Empanadas Salteñas
These are truly traditional beef empanadas from Salta, one of the Northern Provinces in Argentina.
Made with
ground beef, potatoes, hard-boiled eggs, and a fluffy homemade empanada pastry, these are just to die for!
Ingredients
Pastry
- 6 tablespoons water
- 1/2 teaspoon salt
- 2 cups all-purpose flour, sifted
- 1/4 cup margarine, melted
- 1 teaspoon vegetable oil, or as needed
Filling
- 2 medium potatoes, peeled and cubed
- 1/4 cup salted butter
- 2 medium onions, chopped
- 2 stalks green onions, finely chopped
- 1.5 medium red bell peppers, seeded and chopped
- 2/3 pound ground beef
- 1 teaspoon salt
- 1/2 teaspoon cayenne pepper
- 1 teaspoon ground cumin
- 1 teaspoon paprika
- 3 large hard-boiled eggs, peeled and chopped
Directions
- Combine water and salt in a small saucepan over medium heat and warm through, stirring until salt is
dissolved.
Remove from heat and let cool for 2 to 3 minutes.
- Combine sifted flour and melted margarine in the bowl of a food processor; pulse until crumbly.
Add salt
water gradually to the food processor and pulse until a soft dough ball forms that easily separates from the
edge of the bowl.
Add more water, 1 teaspoon at a time, only if needed. Press dough into a ball and wrap
tightly with plastic wrap.
Refrigerate for at least 30 minutes.
- Preheat the oven to 425 degrees F (220 degrees C).
Cover a baking sheet with aluminum foil and grease
with vegetable oil. Set aside.
- Bring a saucepan of water to a boil.
Add cubed potatoes and cook until soft, 8 to 10 minutes.
- Meanwhile, melt butter in a skillet over medium heat.
Cook and stir onions and green onions until soft
and translucent, about 5 minutes.
Add red peppers and cook for 5 more minutes.
Add ground beef and
stir with a wooden spoon until fully browned, about 5 minutes.
Season with salt, cayenne pepper, cumin,
and paprika.
Remove from heat.
- Drain potatoes and add to the filling.
Toss in chopped eggs and let filling cool down for a few minutes.
- Remove pastry from the fridge and knead gently on a floured surface.
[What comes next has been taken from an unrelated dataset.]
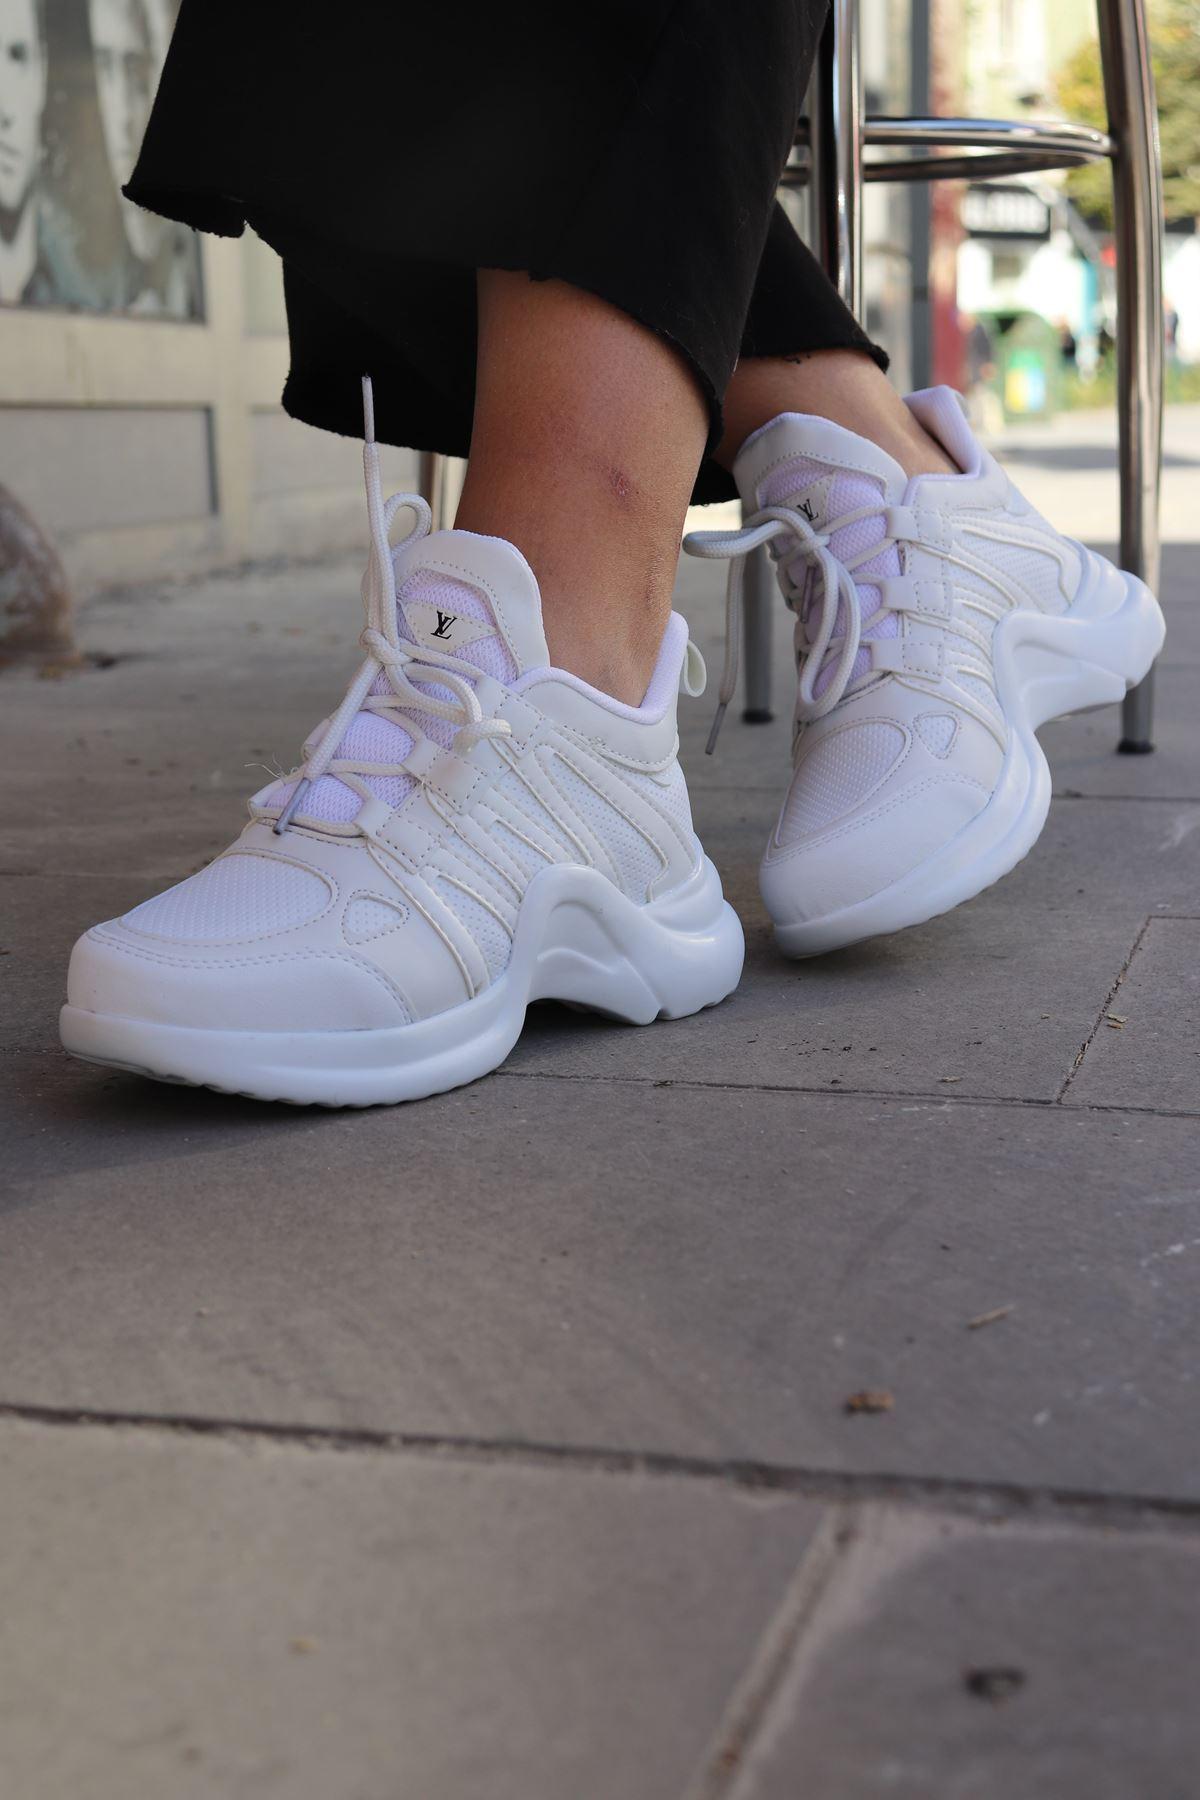 Trendayakkabı - Beyaz Kalın Taban Kadın Spor Ayakkabısı
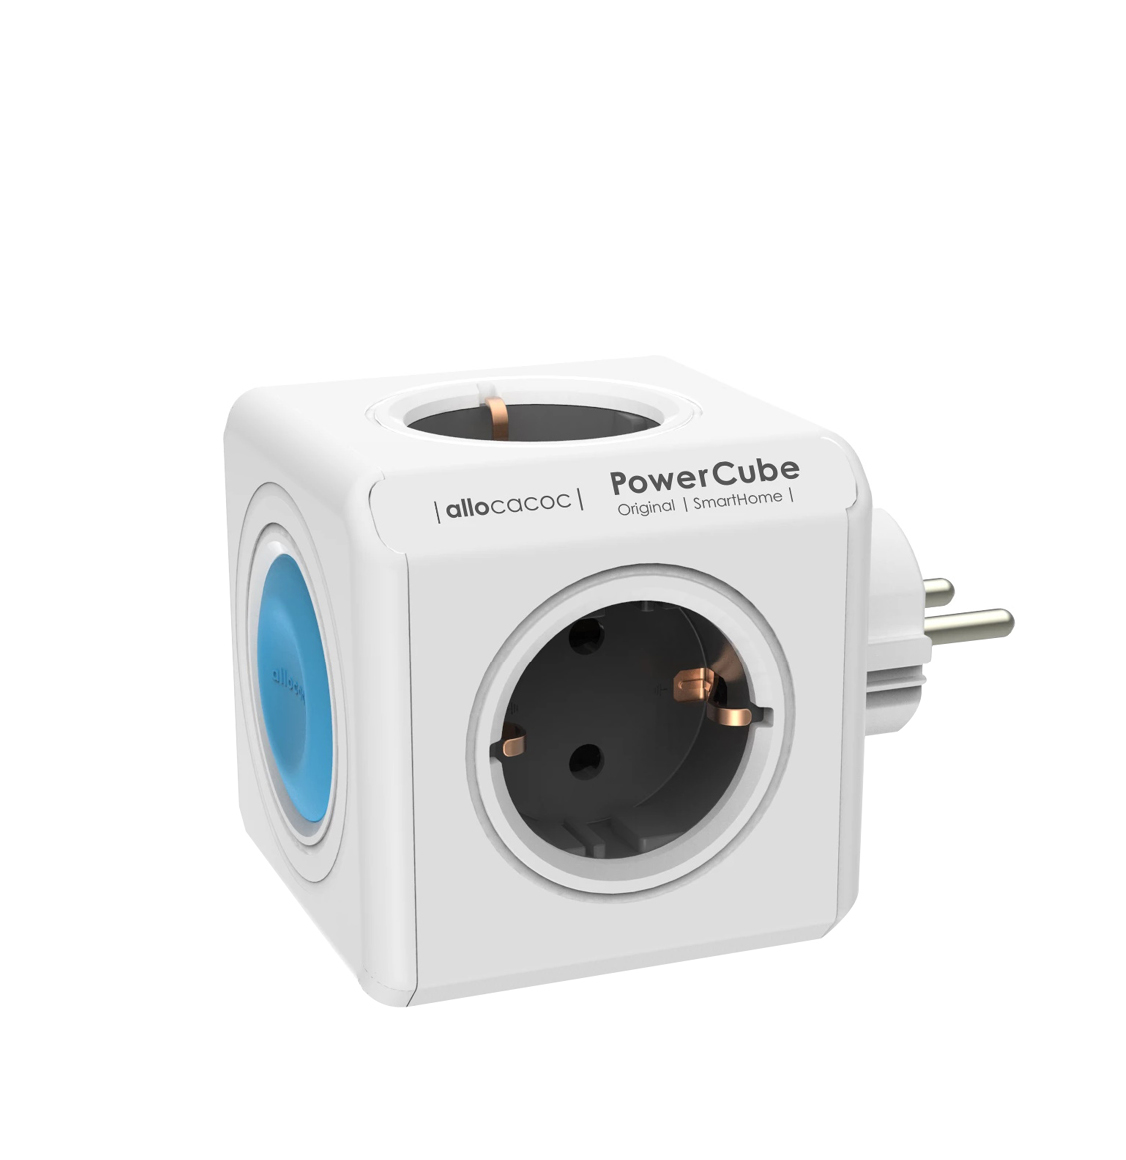 Allocacoc Original Smartphone Powercube

Divide dough in half and roll out
each piece to 1/8-inch thickness.
- Cut out 3-inch circles with a pastry cutter or sharp knife and wet the edges lightly with water.
Add 1
large tablespoon of filling in the center of each disc.
Fold the pastry over, press edges together, and
seal with a fork.
Transfer empanadas to the prepared baking sheet.
- Bake in the preheated oven until golden brown, 10 to 15 minutes.
Remove from the oven and allow to cool
just a little before serving.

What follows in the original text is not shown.